This is my postgres table
name | revenue
--------+---------
John | 100
Will | 100
Tom | 100
Susan | 100
Ben |
(5 rows)
Here, when I calculate average for revenue, It returns 100, which is clearly not the case and sum/count, which is 400/5 is 80. Is this behaviour by conventional design or am I missing the point?
I know I could change null to 0 and process as usual . But, given the default behaviour, is this intentional and preferred way of calculating average.
The AVG function works with numeric values and ignores NULL values.
AVG() function does not consider the NULL values during its calculation.
So you can use AVERAGE and divide by the number of columns >=0 (to not take into account the null columns), for that you can use COUNTIF (depedns of the range) or if you can't do it and if there are not much columns you can modified the /4 for something like sum(if(column1>=0,1,0),if(column2>=0,1,0).....)
PostgreSQL provides an AVG() function to calculate the average value of a set. The AVG() function is one of the most frequently used aggregate functions in PostgreSQL. The AVG() function enables users to calculate the average value of a numeric column. It can be used with both the SELECT and HAVING clause.

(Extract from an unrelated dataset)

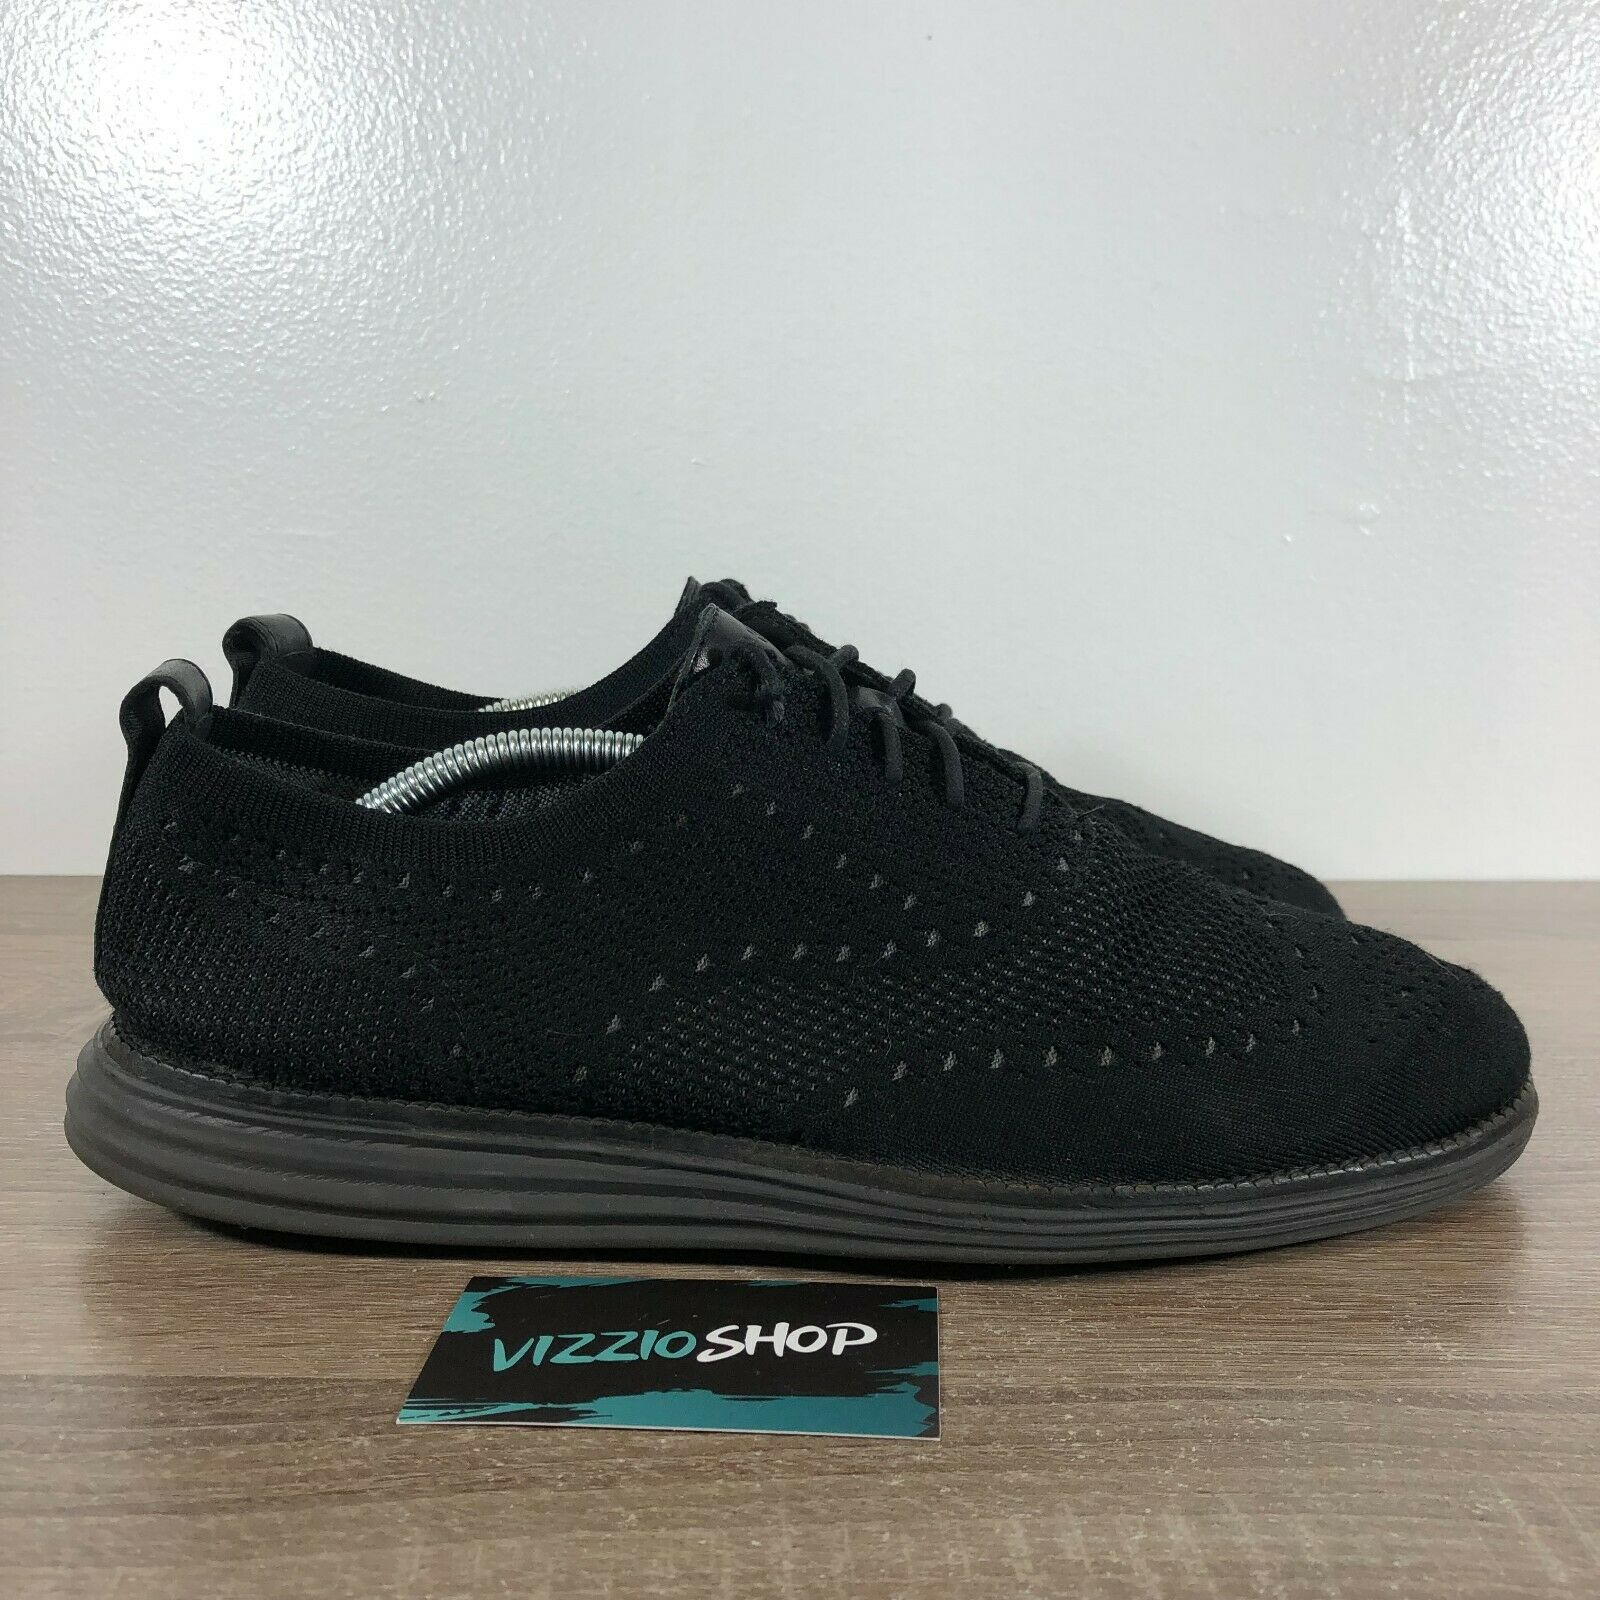 Cole Haan OriginalGrand Wingtip Black Oxford Shoes Men's 10.5 C28443
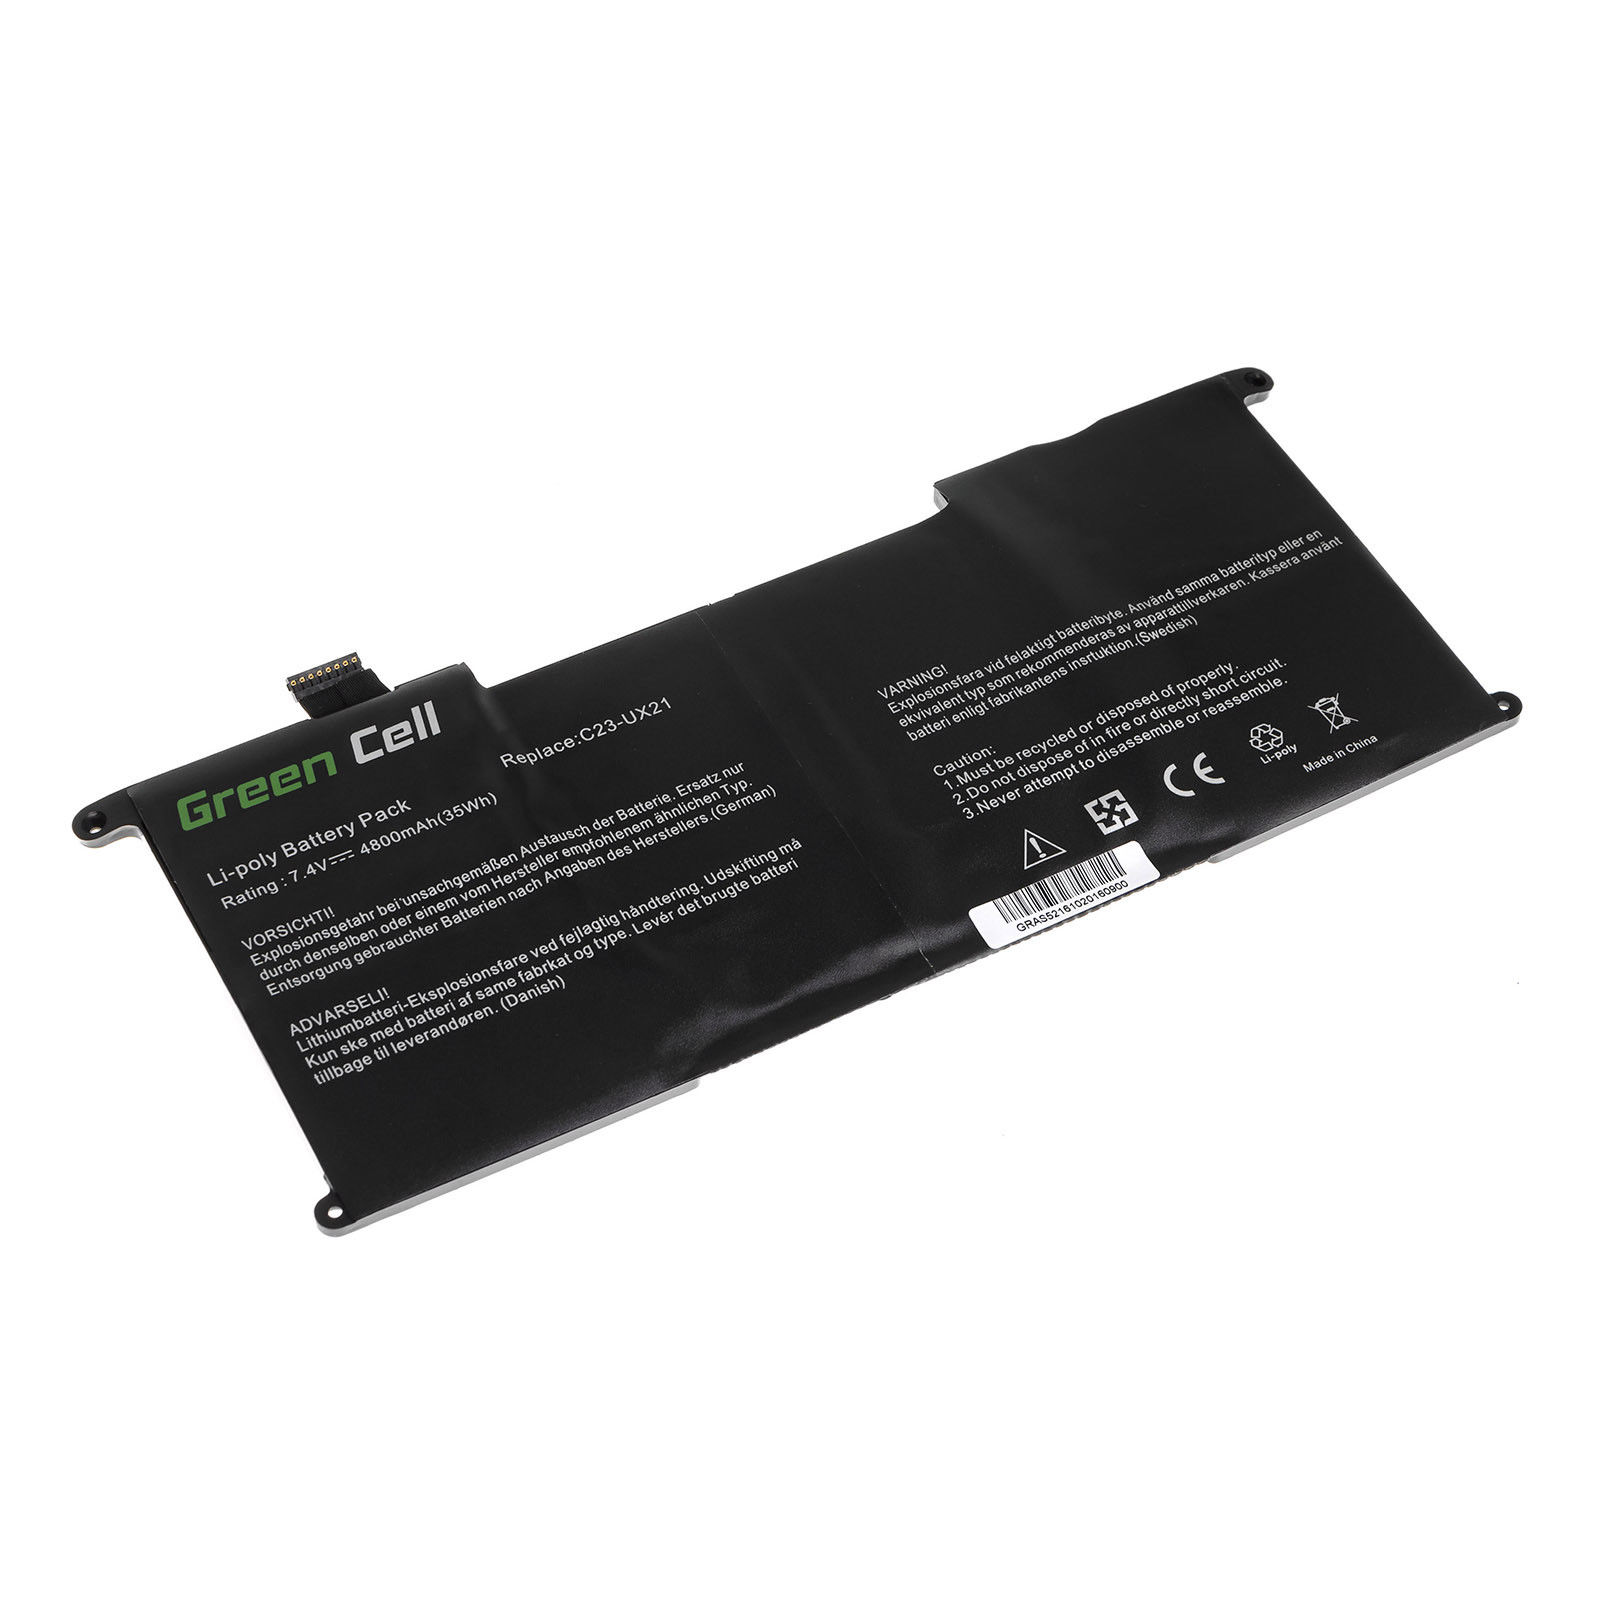 Asus ZenBook UX21A-1AK3 UX21A-K1004H UX21A-K1009H compatible battery

PostgreSQL In PostgreSQL, NULL means no value. In other words, the NULL column does not have any value. It does not equal 0, empty string, or spaces.
To calculate moving average in PostgreSQL, we first sort the rows chronologically using ORDER BY clause. Then we define our Window for calculating average, using ROWS BETWEEN 4 PRECEDING AND CURRENT ROW. It means that for each row calculate average for only the current row and preceding 4 rows.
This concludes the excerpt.